# Angeln in Südungarn - Bajá, Dombori (Fadd), Sugovica



## Hechtangler1974 (15. Juni 2007)

Hier hin gehe ich jedes Jahr zum Fischen, hauptsächlich auf Raubfisch ist es mega-genial. Wer mehr wissen will, einfach fragen. 
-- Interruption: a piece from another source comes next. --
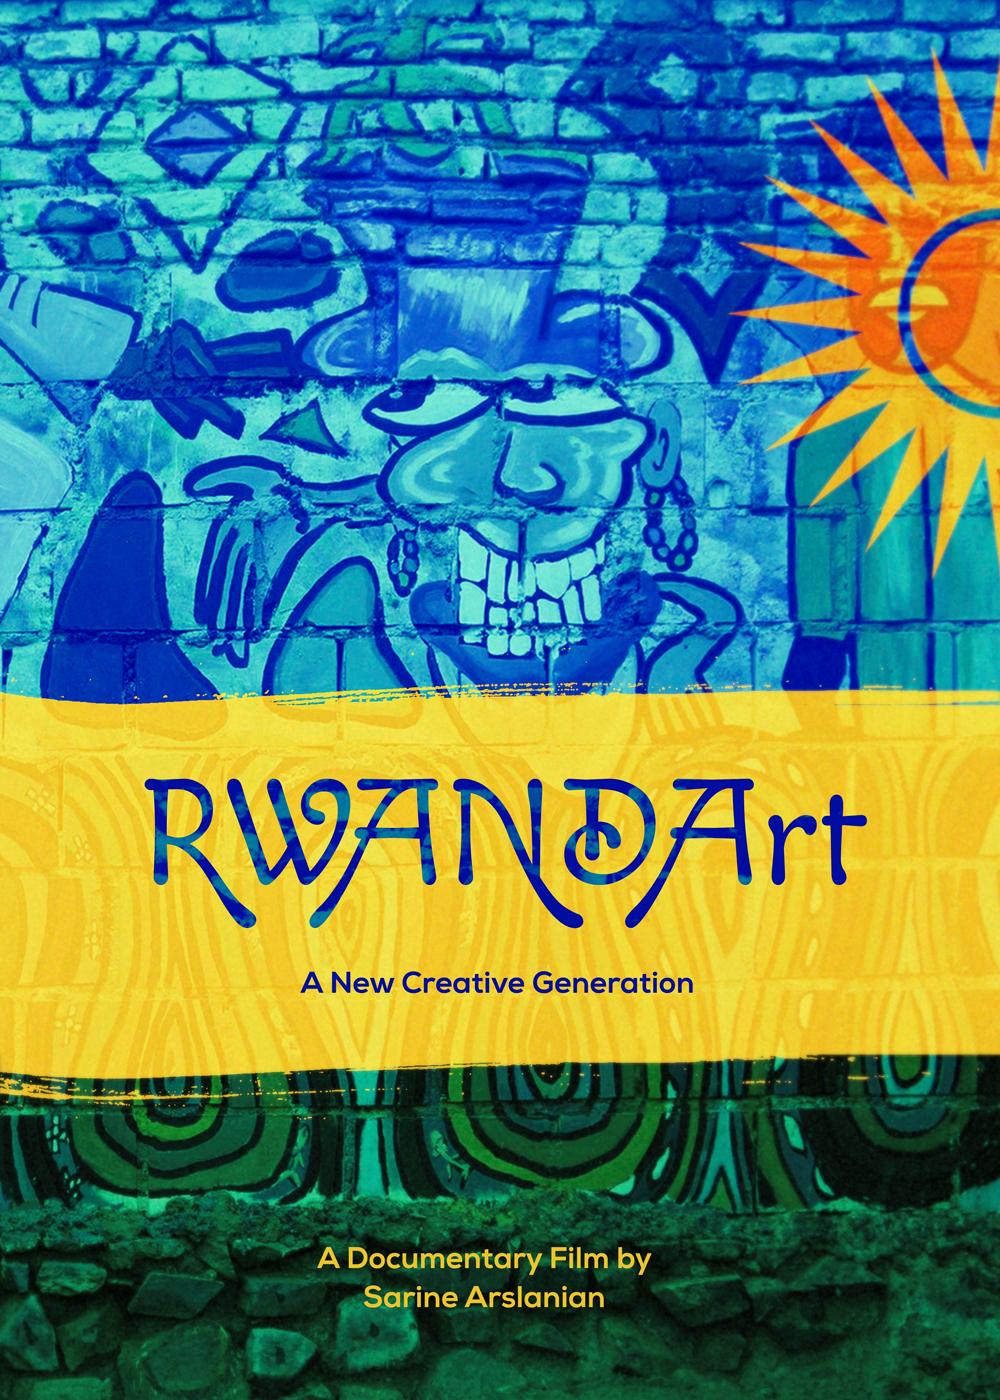 IN THE PRESS - TRUE Africa: Rwanda is about more than its past (or Kagame): http://trueafrica.co/article/the-creatives-forging-rwandas-future/LifeGate: RWANDArt, the documentary about young creatives putting Rwanda on the map: http://www.lifegate.com/people/news/rwandart-documentaryAfricavivre: RWANDART : le bouillonnement artistique rwandais: https://www.africavivre.com/rwanda/a-voir/documentaires/rwandart-le-bouillonnement-artistique-rwandais.htmlUK Visual Anthropology: RWANDArt-Alumni Sarine Arslanian shares her latest project: https://ukvisualanthropology.com/2017/06/23/rwandart/Igihe: Iserukiramuco Rwanda Film Festival rigiye kubera muri Convention Center: http://www.igihe.com/imyidagaduro/sinema/article/iserukiramuco-rwanda-film-festival-rigiye-kubera-muri-convention-centerIgihe: Ubushake bw'urubyiruko mu gukora sinema mu Rwanda buratanga icyizere cy'ejo heza (Video): https://igihe.com/imyidagaduro/sinema/article/ubushake-bw-urubyiruko-mu-gukora-sinema-mu-rwanda-buratanga-icyizere-cy-ejo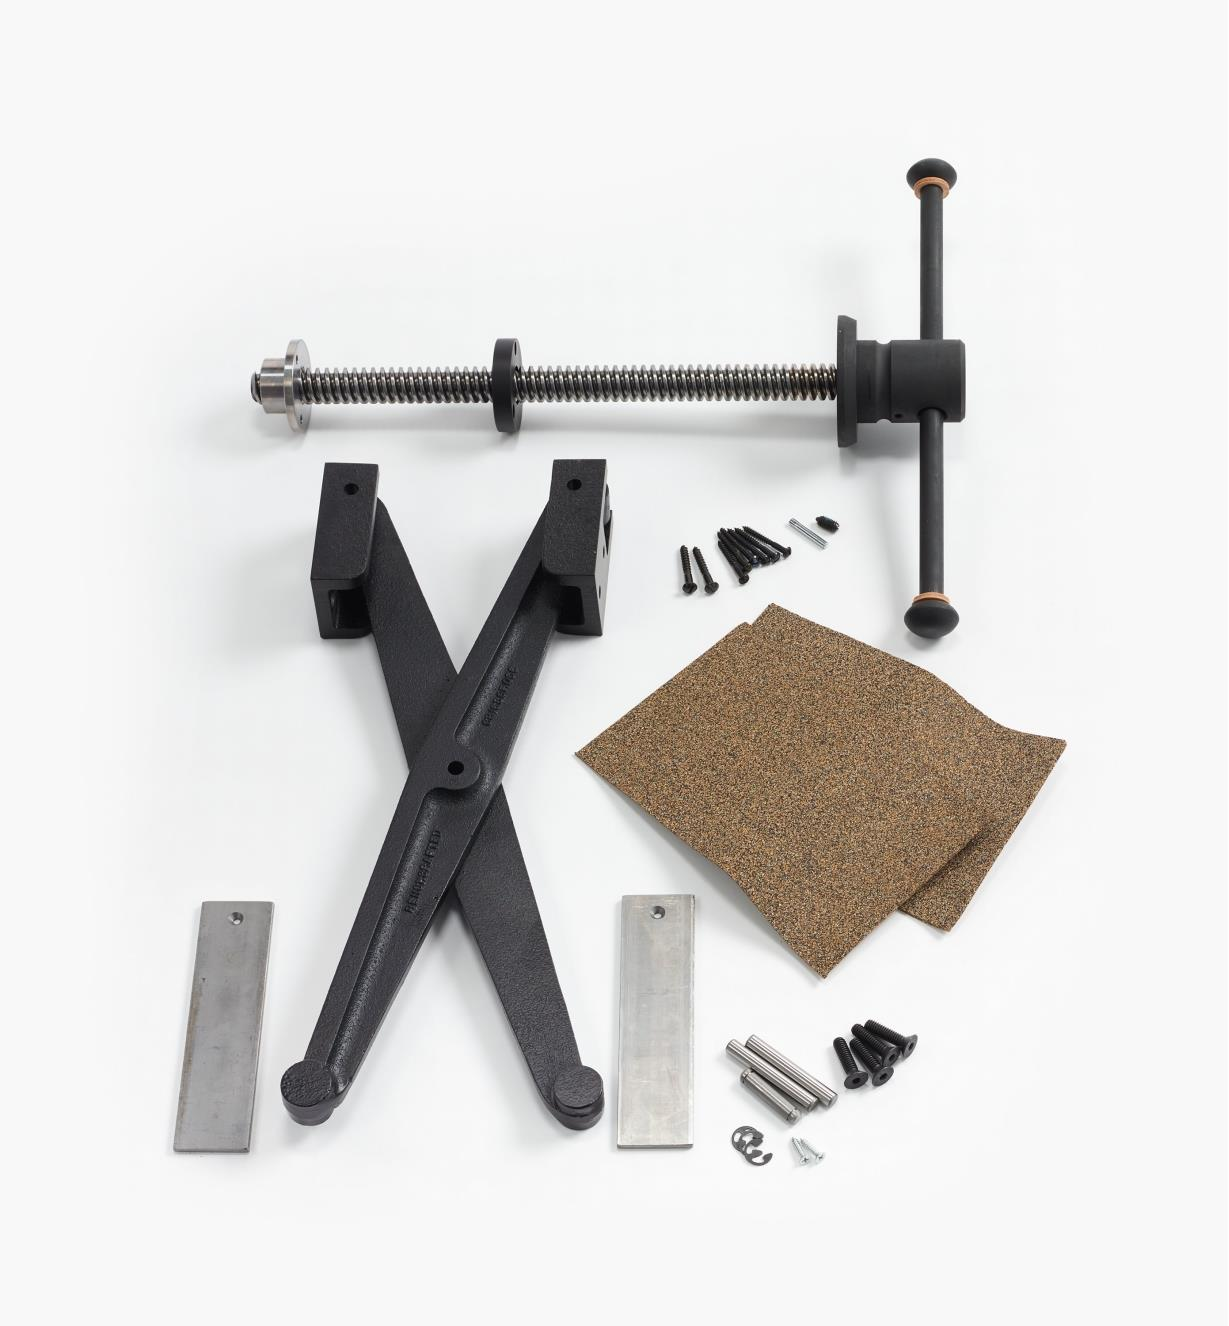 06G0162 - Ensemble Criscross Retro pour presse verticale parallèle Benchcrafted

Noch 4 Tage, dann ist es wieder soweit....


----------



## Hechtangler1974 (18. Juni 2007)

*AW: Angeln in Südungarn - Bajá, Dombori (Fadd), Sugovica*

...noch 2 Tage...


----------



## Hechtangler1974 (19. Juli 2007)

*AW: Angeln in Südungarn - Bajá, Dombori (Fadd), Sugovica*

Schön war´s. Größere Welse fängste im Po auch nicht, als hier. Wer Karpfen mag, der fühlt sich dort im Paradies. Zander gab es wenige große, mehrere Kleine. Hechte sind schon fast ne Plage. Rapfen frisst Hecht, wusste ich vorher auch nicht. 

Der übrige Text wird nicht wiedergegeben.